What To Expect When Expecting a Woolly Mammoth

What happens when you try to bring back the woolly mammoth from extinction? According to Professor George Church, from Harvard University, we will know in 2 years or so (give or take 10 years) [1].

The woolly mammoth went extinct about 4,000 years ago, but it actually started dying out about 40,000 ago in the Quaternary Extinction Event [2]. It’s a very familiar tale to most of us today- human actions and climate change are the main reasons why the woolly mammoth started to die out [2]. There are debates on which of the two had a greater effect on the mammoths, but the result remained the same- an extinct species. Now, the way it used to work is that once a species goes extinct we only have records (via DNA, fossils, samples, etc..) left to work with and understand these long gone species. In fact, scientists have found woolly mammoth bones, preserved carcases, and tusks (unsurprising, given the extensive amount of ivory poaching still going on). Using these samples, scientists have sequenced them to the best of their ability, given that DNA will naturally degrade over time, and then studied them to learn more. But, what if there was a way to bring them back and learn even more?

The short answer is that we can’t bring it back completely, but we can create (or attempt to create) a sort of hybrid elephant-mammoth creature (totally not scary at all). That is the ultimate goal of the Revive and Restore Project being helmed by Professor George Church for the woolly mammoth [3]. The plan is fairly straightforward. They are using CRISPR ( clustered regularly interspaced short palindromic repeats), which allows scientists to precisely target areas in DNA, to take mammoth genes and insert it into the genome of an Asian elephant [3]. Once the genes are inserted, the full genome is placed in an egg. Then, the clone is allowed to grow in an artificial womb.

As I mentioned this project is being advertised as a woolly mammoth revival project, but it is more like a hybrid Asian elephant-woolly mammoth creature, which is also a bit of a stretch because the reality is that it’s primarily an enhanced Asian elephant. For Professor Church, the main goal is to create an Asian elephant that is capable of living in more environments, especially colder environments [3]. In fact, the genes that they are inserting into the Asian elephant genome are meant to give the elephant three major adaptations [3]. The first is giving them thicker body hair to protect them from the cold. The second is increasing their body fat so that they can withstand the cold and fast. The third is allowing them to increase blood oxygen release (to keep blood-oxygen levels stable) at low temperature. All of these would allow the Asian elephant to move into areas like tundras in Canada or Russia [1].

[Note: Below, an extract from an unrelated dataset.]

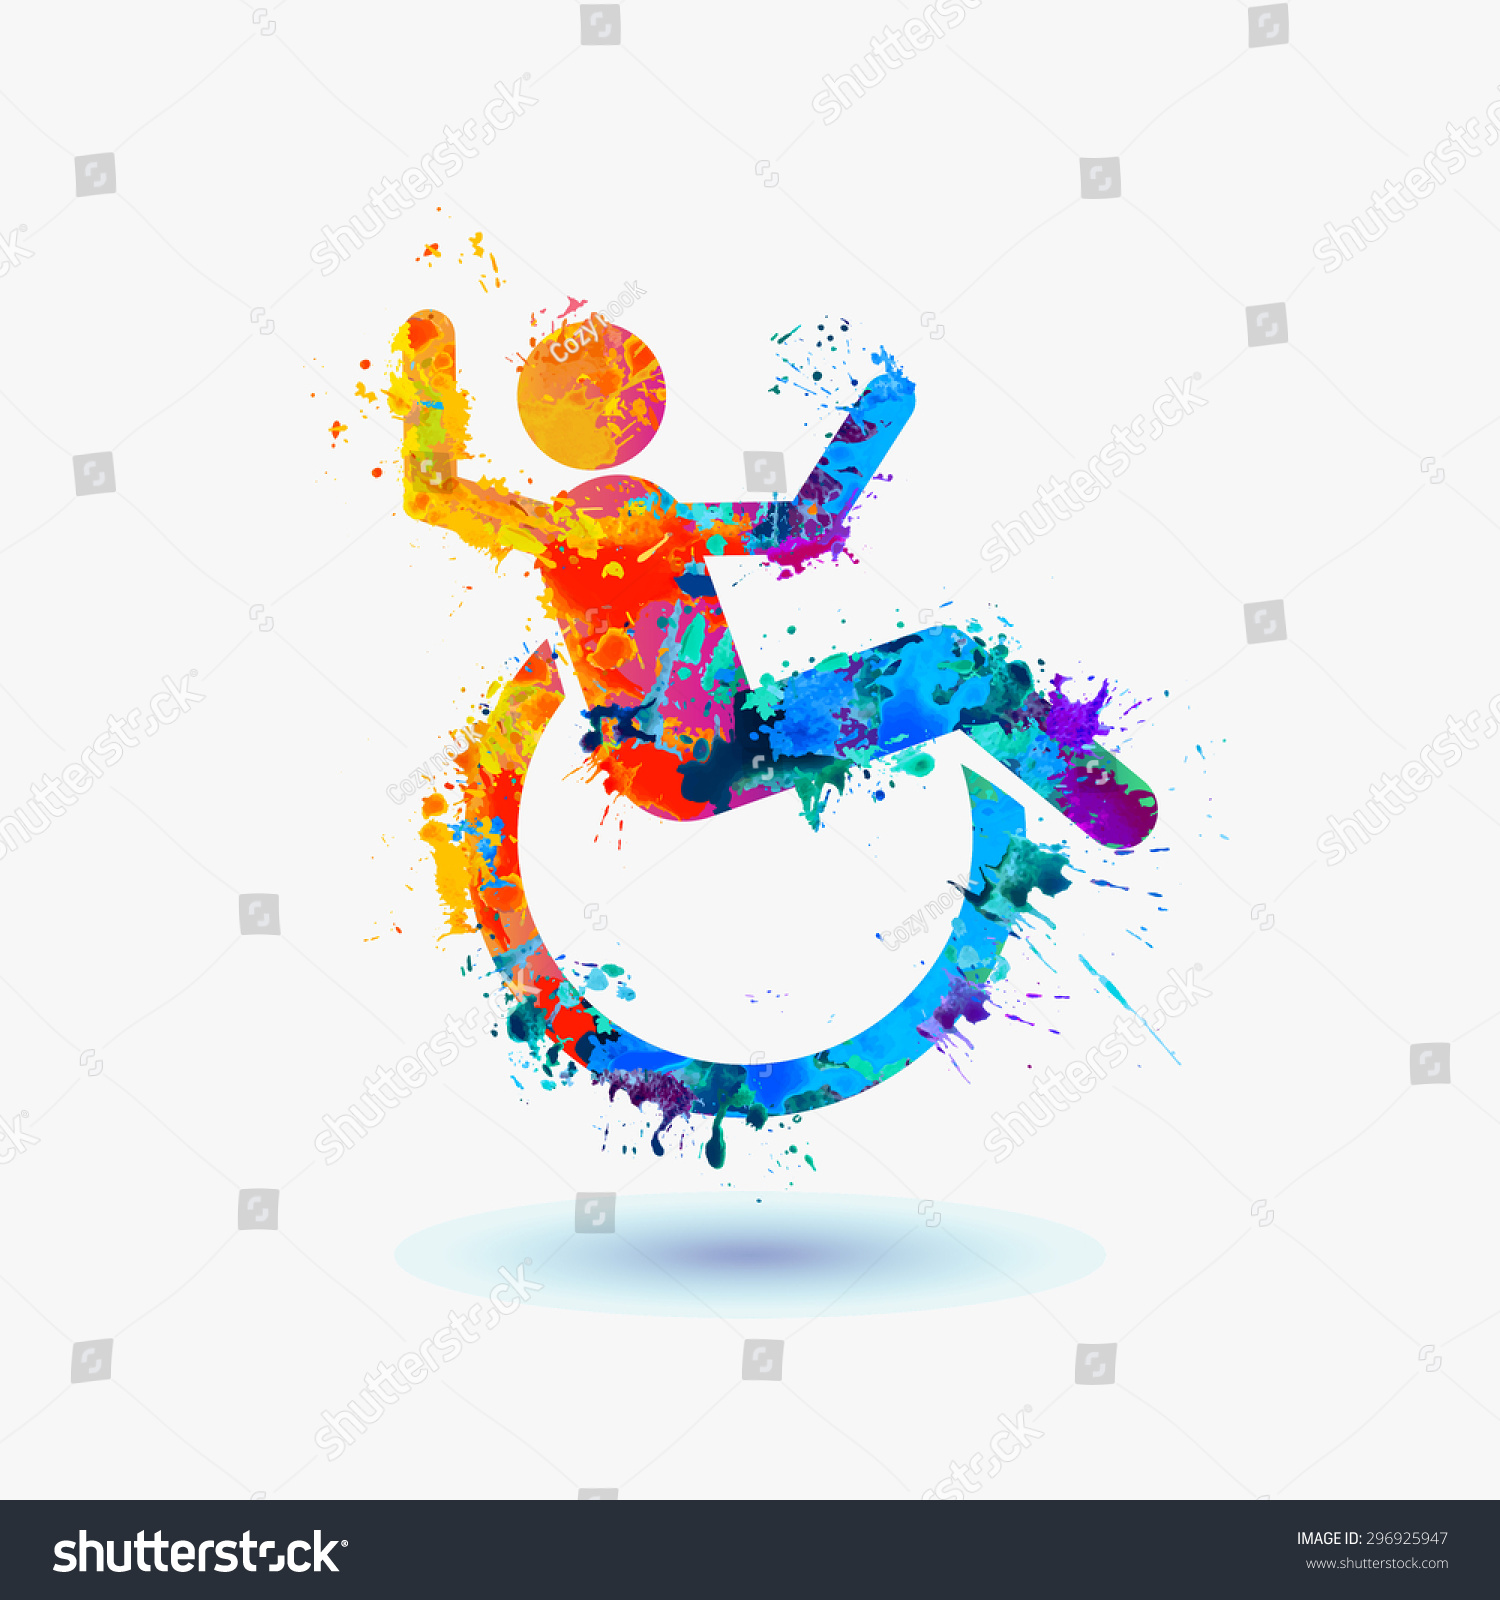 stock-vector-happy-disabled-people-life-asserting-watercolor-sign-vector-296925947.jpg

So why the Asian elephant and not any other elephants? Asian elephants are the closest relatives to woolly mammoths to the point that they are probably capable of mating with woolly mammoths (if they were still here). This is important for a few reasons. Their close relations makes it easier to integrate the new genes without rejection, which in turn increases the chances that a viable offspring would be produced. Also, the Asian elephants would, ideally, be able to mate with this enhanced elephant and produce more offsprings to expand their population. This becomes important because the goal is to help Asian elephants survive and not go extinct due to climate change or human effects [1].

A big ethical question here is whether these enhanced Asian elephants are actually Asian elephants or something else because if you modify a creature, the new creature is something new and not the same as the original. Are they the same or different? These questions will become increasingly important and difficult to answer as more creatures face extinction and we become desperate in our attempts to save them.

Now the last issue in this endeavour is the artificial womb. They are using an artificial womb because the offspring is expected to be bigger than a normal Asian elephant offsprings, so putting a female elephant through this process would be an ethical grey area as her life would probably be endangered by the process [1]. Creating a womb to mimic real ones is extremely difficult to accomplish and Professor Church and his team have not done so yet. You would have to accommodate all the nutritional needs, oxygen levels, pressure, and many other factors in order to bring the offspring to term. This is probably one of their most ambitious and difficult tasks they will face. If they can get to this point, then it would take 2 years to bring the offspring to term.

Hopefully, they are able to do this because it would be revolutionary for many different parts of science from conservation and genetic engineering to human birthing issues. Professor Church and his team estimate that a 10-year timeline is to be expected before the final result [4]. So until then we wait and imagine what may come of this project. What other species would you like to bring back? Dinosaurs don’t count (their DNA is probably too degraded to glean any information from).